Define $2n+2$ points $Q_i$ by
$$
\;\;\;\;\;\;Q_0 = P_0   \quad ; \quad Q_1 = P_0 + V_0   \\
Q_2 = P_1 - V_1   \quad ; \quad Q_3 = P_1 + V_1         \\
Q_4 = P_2 - V_2   \quad ; \quad Q_5 = P_2 + V_2         \\
\vdots \\
Q_{2i} = P_i - V_i   \quad ; \quad Q_{2i+1} = P_i + V_i         \\
\vdots \\
Q_{2n-2} = P_{n-1} - V_{n-1}    \quad ; \quad Q_{2n-1} = P_{n-1} + V_{n-1}         \\
Q_{2n} = P_{n} - V_{n}    \quad ; \quad Q_{2n+1} = P_n
$$
where $V_i$ is the derivative vector of the Catmull-Rom spline at point $P_i$. Typically
$$
V_i = \frac12\left({\frac{P_{i+1}-P_i}{t_{i+1}-t_i}+\frac{P_i-P_{i-1}}{t_i-t_{i-1}}}\right)
$$ 
Then the Catmull-Rom spline is
$$
f(t) = \sum_{i=0}^{2n+1}\phi_i(t)Q_i
$$
You can eliminate the $Q_i$ and $V_i$ using the equations above, and you'll end up with something that's in the form that you want.
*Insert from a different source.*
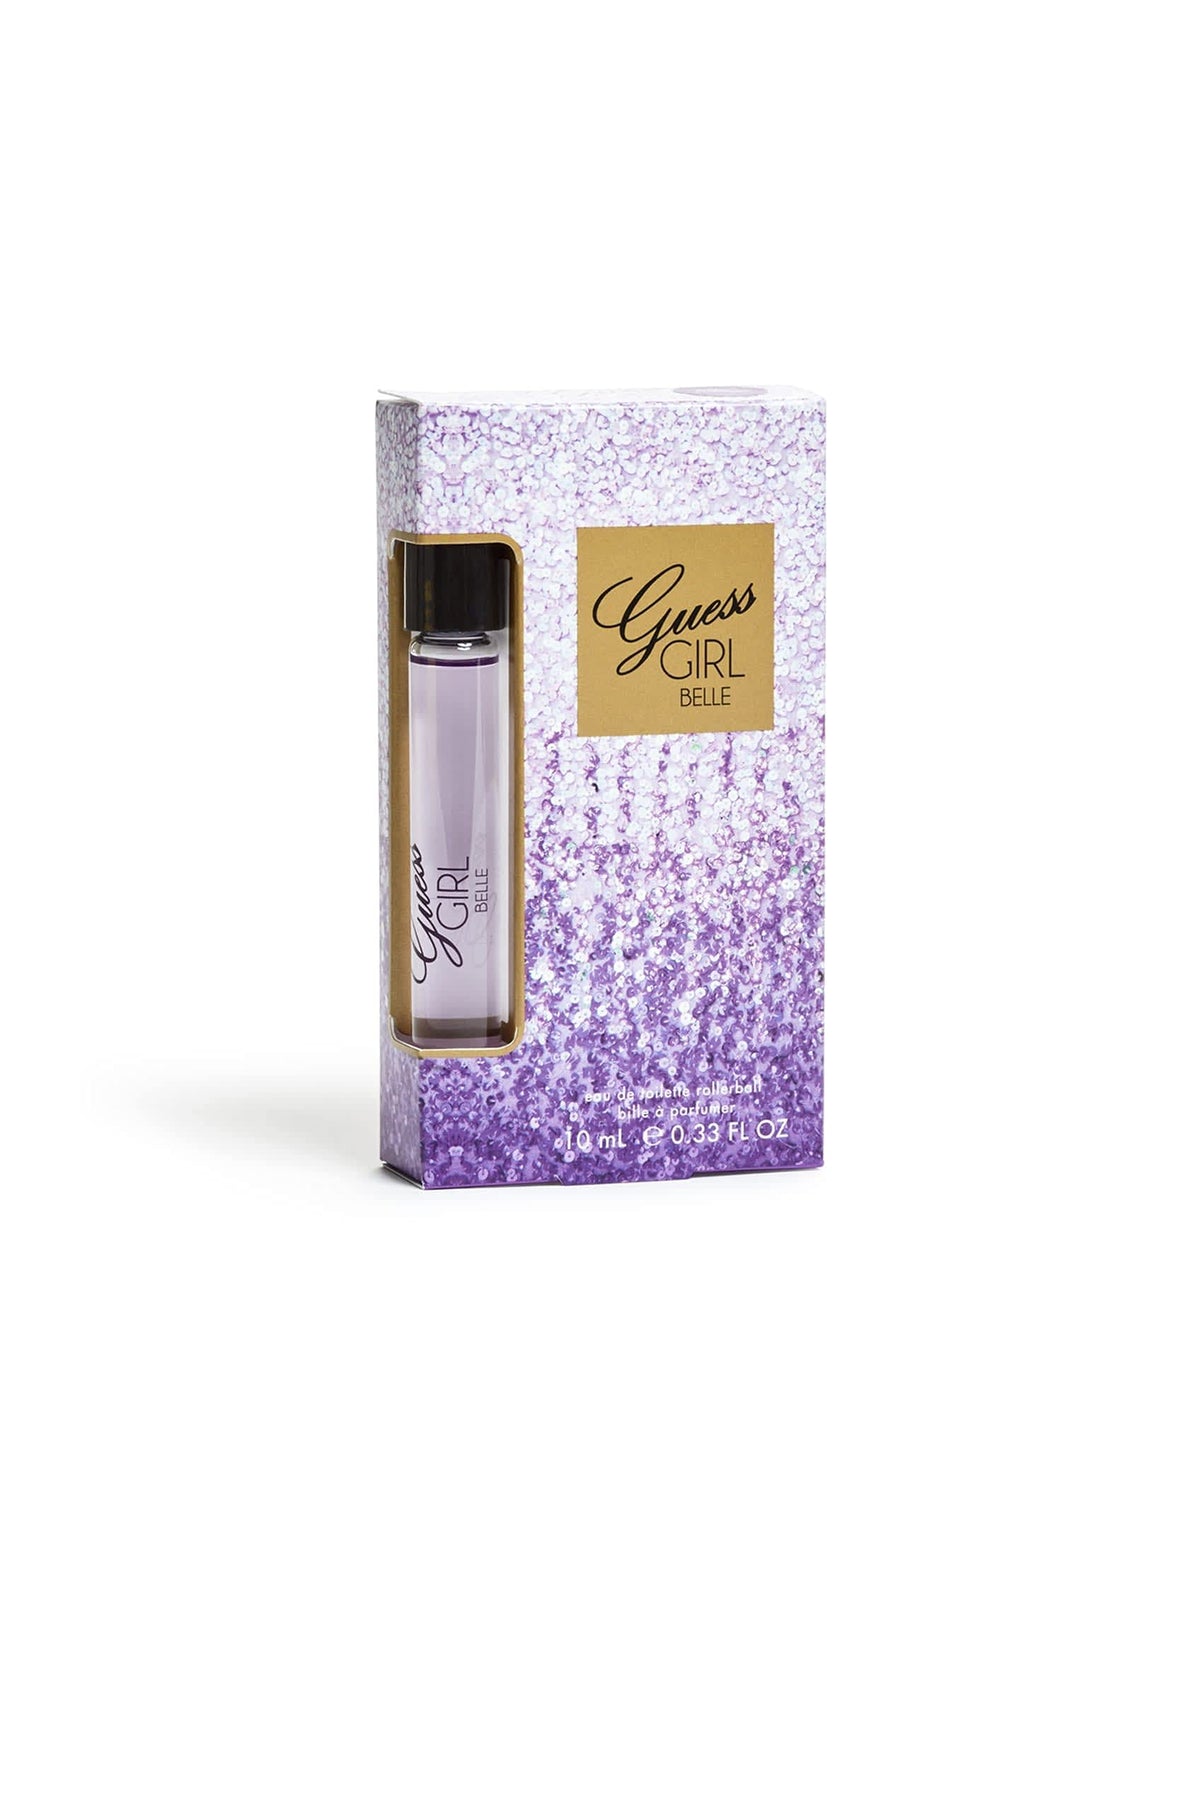 GUESS Factory Girl Belle Rollerball Fragrance

I think it's still going to be a huge mess, but this approach requires less algebra than the one you were using, I think.
The key idea is to use a b-spline or Bezier representation of the spline, rather than the algebraic one you used. In the b-spline or Bezier forms, the relationship with the interpolated points and derivatives is more direct, so there's less algebra.